= RECORDED INFORMATION =
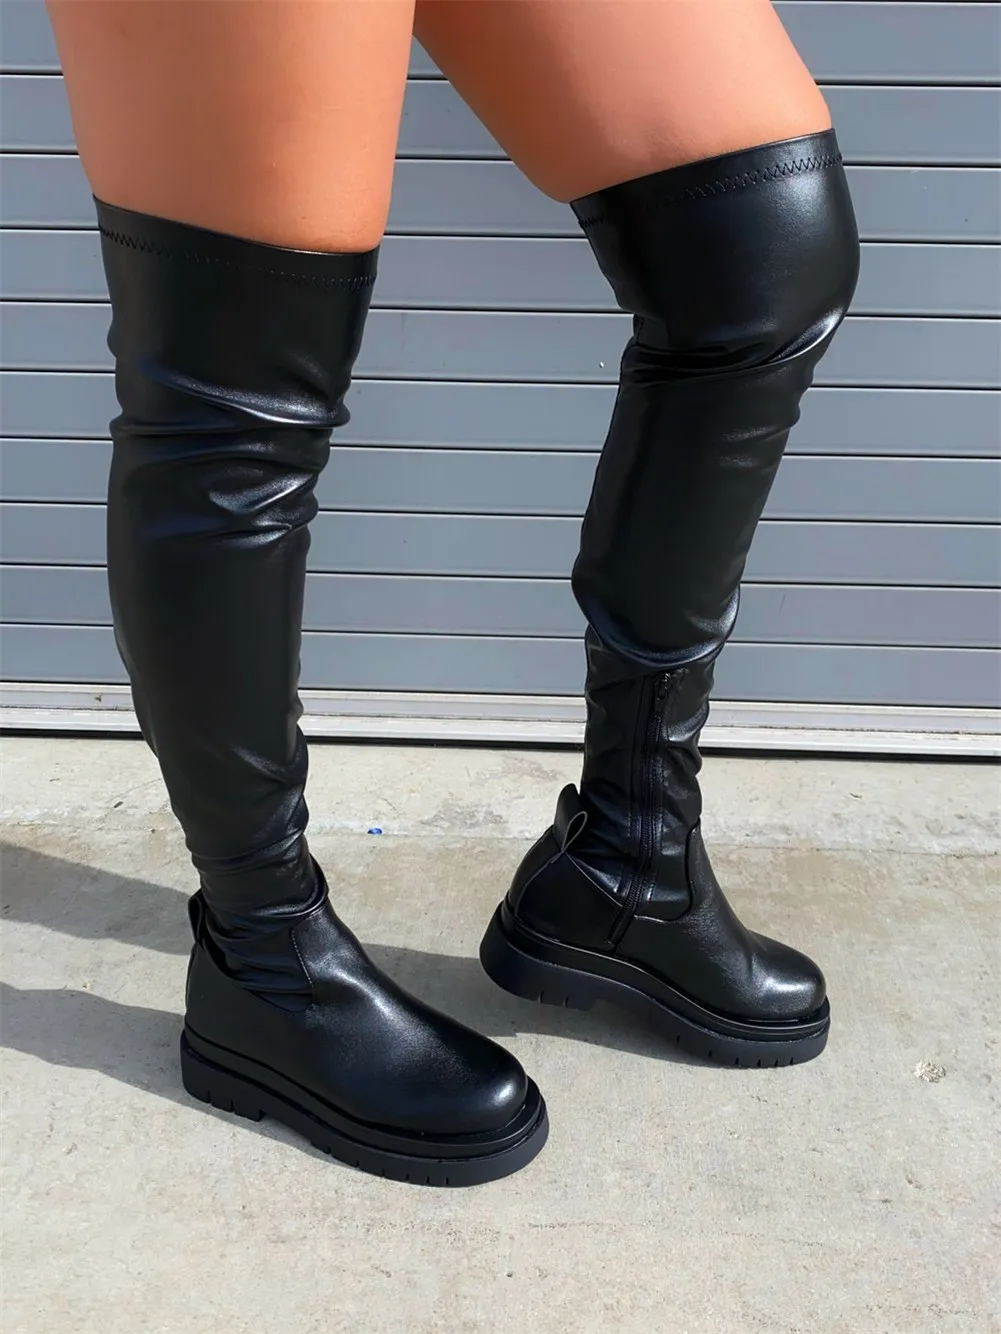 

Lasyarrow Brand New Female Platform Thigh High Boots Fashion Slim Chunky Heels Over The Knee Boots Women Party Shoes Woman
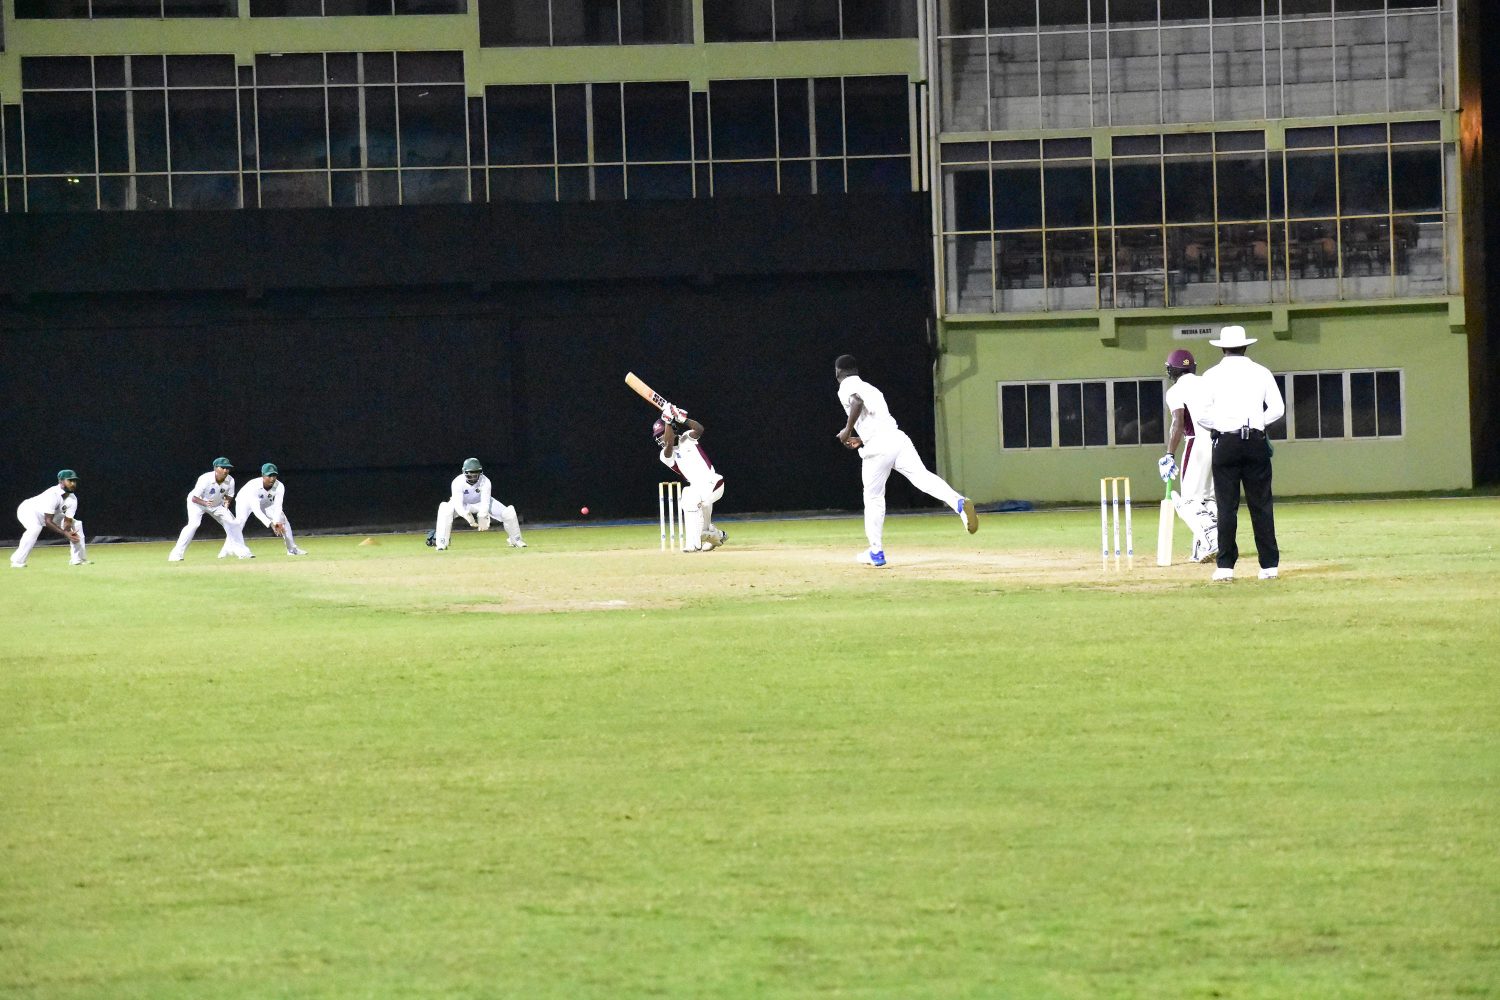 Night cricket at the stadium. Jaguar Sherfane Rutherford  bowls to Hurricanes’ Akeem Saunders whilst wicketkeeper Bramble and the Guyana slip cordon pay keen attention
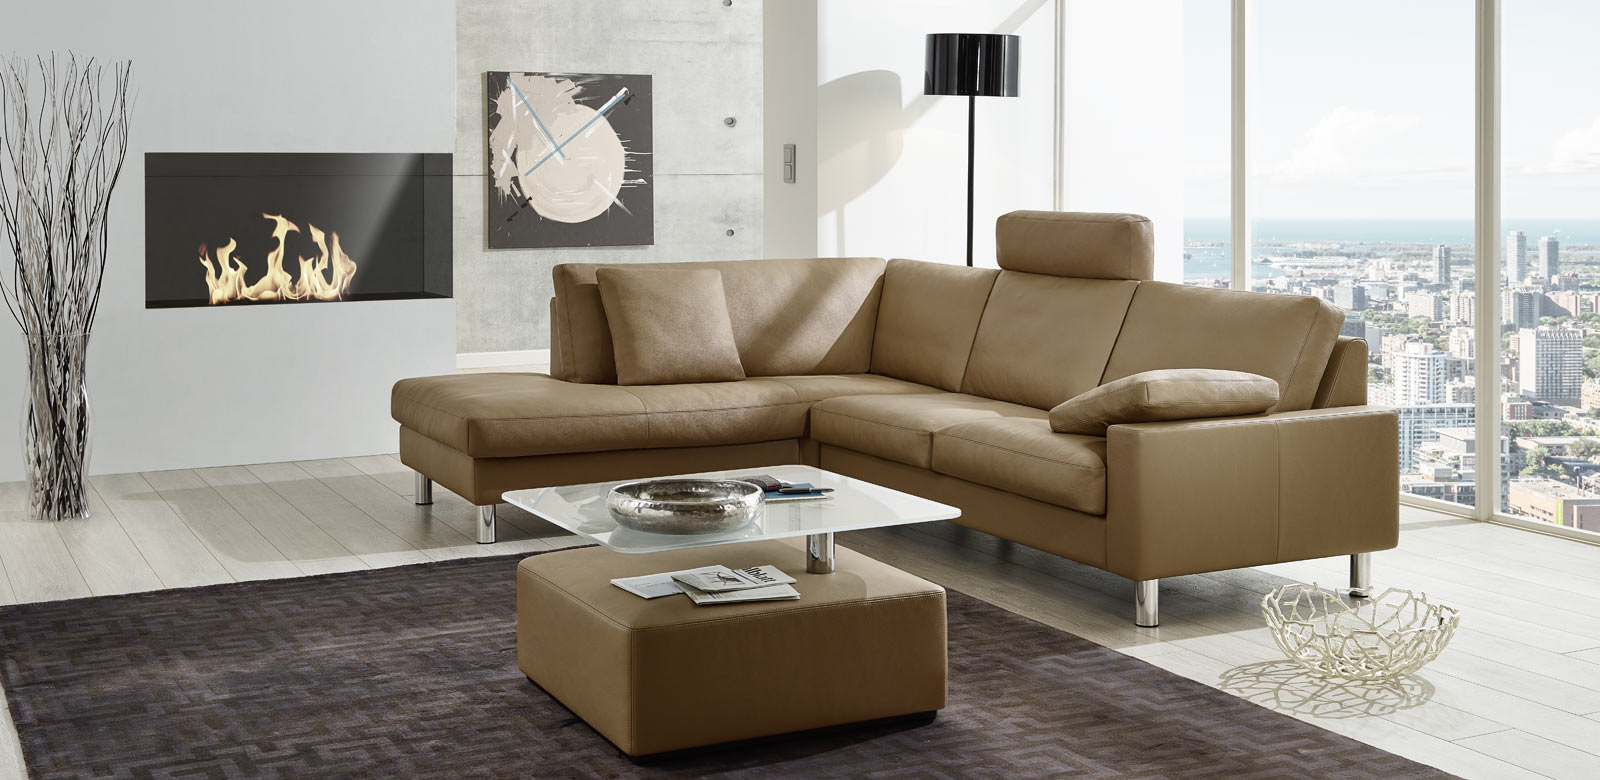 CL500 longchair version and matching coffee table in light brown leather in high-rise flat
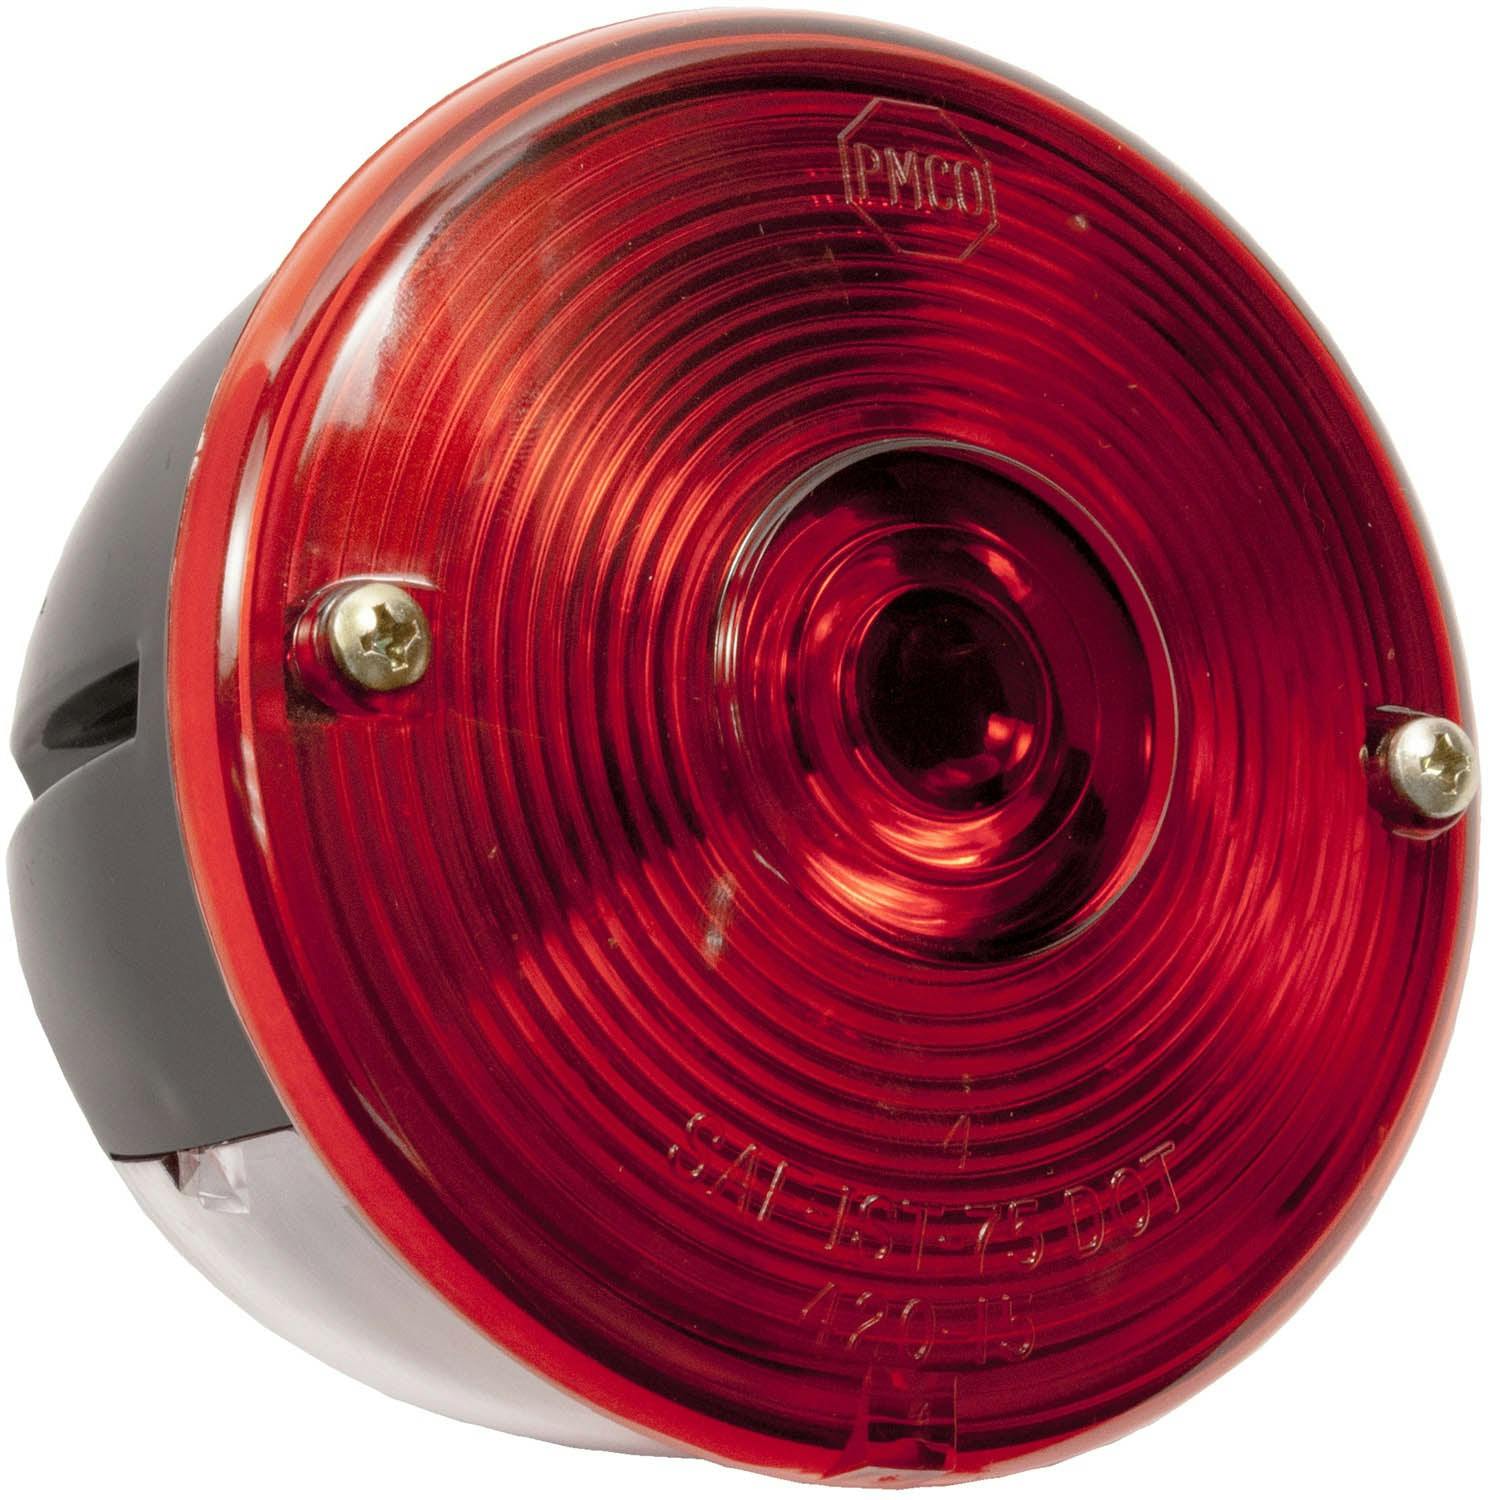 Incandescent Stop/Turn/Tail, Universal, Round, Stud-Mount, w/o-License Light, 3.75"X2.625", red (Pack of 6)

= EXERCISE OBJECTIVE =
Starting with the line that contains "CL500 longchair version", repeat each line exactly through the last line of the data above, and nothing more; the pictures stay out.

= WRITTEN ANSWER =
 CL500 longchair version and matching coffee table in light brown leather in high-rise flat
 Incandescent Stop/Turn/Tail, Universal, Round, Stud-Mount, w/o-License Light, 3.75"X2.625", red (Pack of 6)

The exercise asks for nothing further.